Starting point is 00:22:05 And I mean, some of them are like, I'm looking at you, Microsoft. I like you for a lot of reasons, but hey, I have to scroll your status page. I can't link directly to their write-ups. And this is Azure. And please stop. Make it easier.
Starting point is 00:22:21 You're driving me crazy. I don't even have a data model to figure out how to make this work for people other than like taking screenshots of them. So yeah, so there's shades of gray and black and how much they'll share or how easy it is to find these things. So it'll be interesting to see if there's any less than positive reactions to all of this being available in one place. I'm anticipating at least a little bit of that. There is one other type of metadata that we collect for the void, and that is the type of analysis that is conducted if it is clear what that type of analysis is. And some companies explicitly say, or call it an RCA. We did a root cause analysis. There's a few other types. Some people talk about having a contributing factors analysis. Most people don't consider a formal analysis type, but I am trying to collect and categorize
Starting point is 00:23:10 these because I do think there are some fascinating implications buried therein. And I would like to see if I can keep track of whether or not those change over time. And yes, you've hit on one of my favorite hot take soapbox things, which is root cause. Please take it away. Yeah, well, and anyone who's close to these systems and has watched these things fall down has the inherent sense that there is no root cause, right? Like, let's great. One of my favorite ones, human error. We don't have enough hours for this, Corey.
Starting point is 00:23:44 I'm sorry. That's one of my favorite other ones. But let's say somebody fat fingers a config change, right? Which happens.
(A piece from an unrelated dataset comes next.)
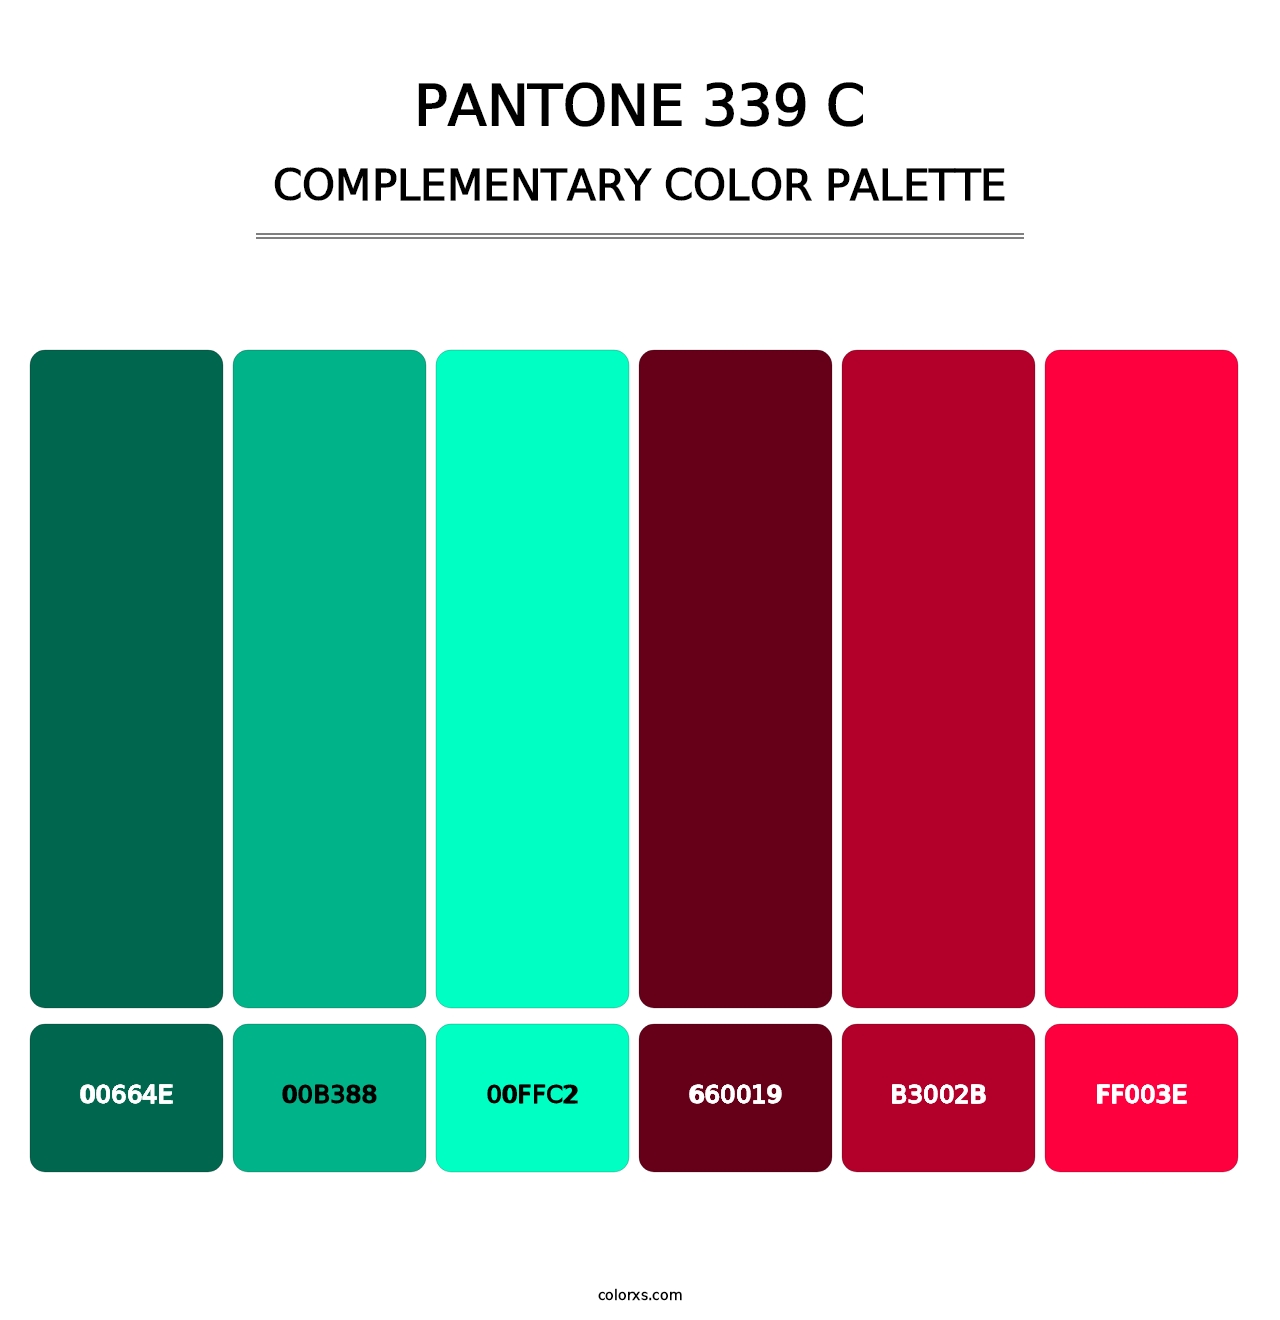 PANTONE 339 C - Complementary Color Palette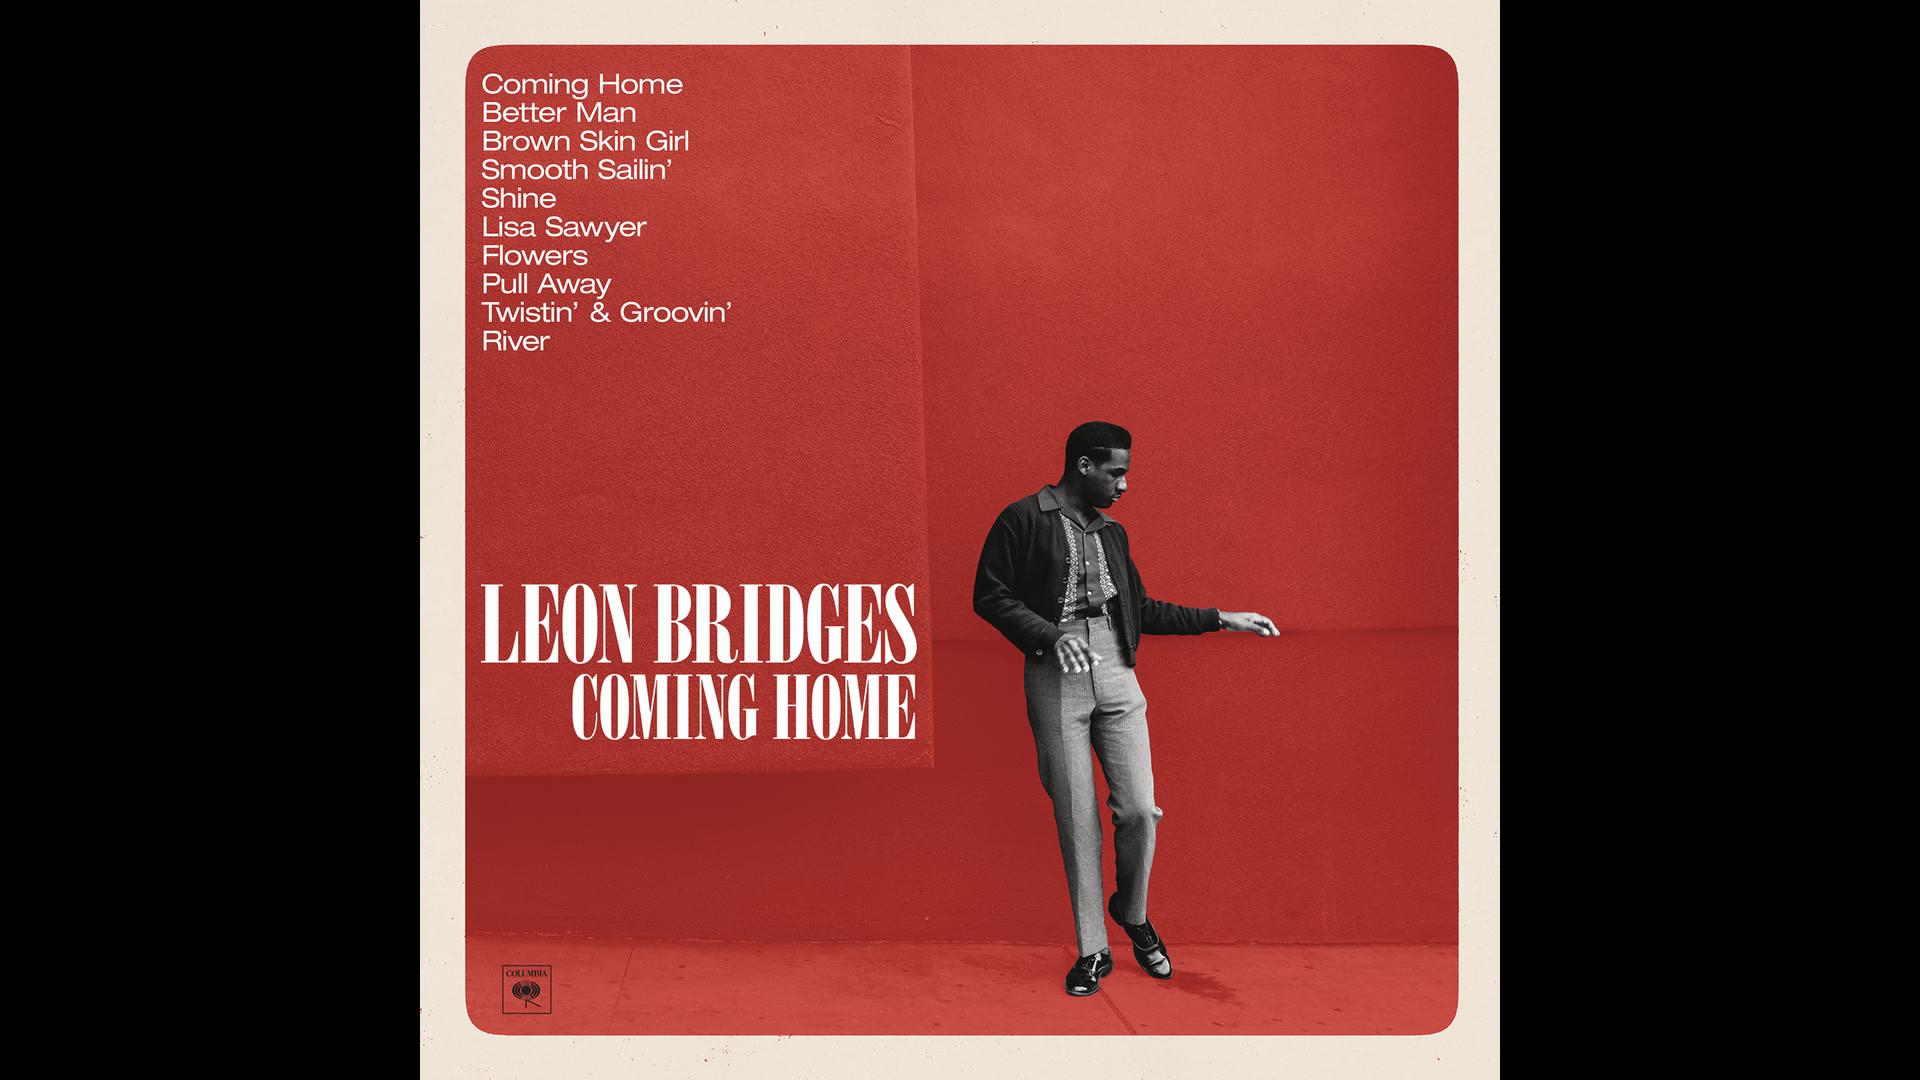 Leon Bridges - Brown Skin Girl (Official Audio)

That was fundamentally the S3 service disruption back in 2017 that took down S3 for hours on end. And took down so many other people that relied on S3. Everything was tied to that. And that's an interesting question. When something like that hits, does that mean that everything it takes down gets its own entry in void? I hope so. If everybody writes them up, then yes. So if S3 goes down and you go down and you write it up, you put it in the void, then we can see those things, which would be so cool. But let's go
Starting point is 00:24:20 back to the fat fingered config file, which if you haven't ever done, you're lying, first of all. Or you haven't been allowed to touch anything large and breakable yet, which either way, you're lying on some level. So please. Yeah, I mean, I took down Holloway's homepage when it was on Hacker News because I'm a yaml. So anywho, even if you fat-finger a config change, that's not the root cause because you have this system wherein a fat finger configure
Starting point is 00:24:46 change can take down S3. That is a very big, complex, and I might add, socio-technical system. There are decisions that were made long ago about why it was structured that way or why this happens that way or what kinds of checks and balances you have. It's just, get over it, people. There is no root cause. These are complex, highly dynamic systems that when they fail, they fail in unpredictable and weird ways because we've built them that way. They're complex because you're successful at pushing the envelope and your safety boundaries. So if we could get past the root cause thing as an industry, I mean, I could probably just retire happy, honestly.
Starting point is 00:25:27 I'm a simple woman. Can we just get one thing, people? First of all, then it gives non-technologists, people outside of our bubble, the media, you can't hang it on these things anymore. You know, we all have to then sort of grapple with the complexity, which admittedly, humans, not big fans of, but... People want simple stories, simple narratives.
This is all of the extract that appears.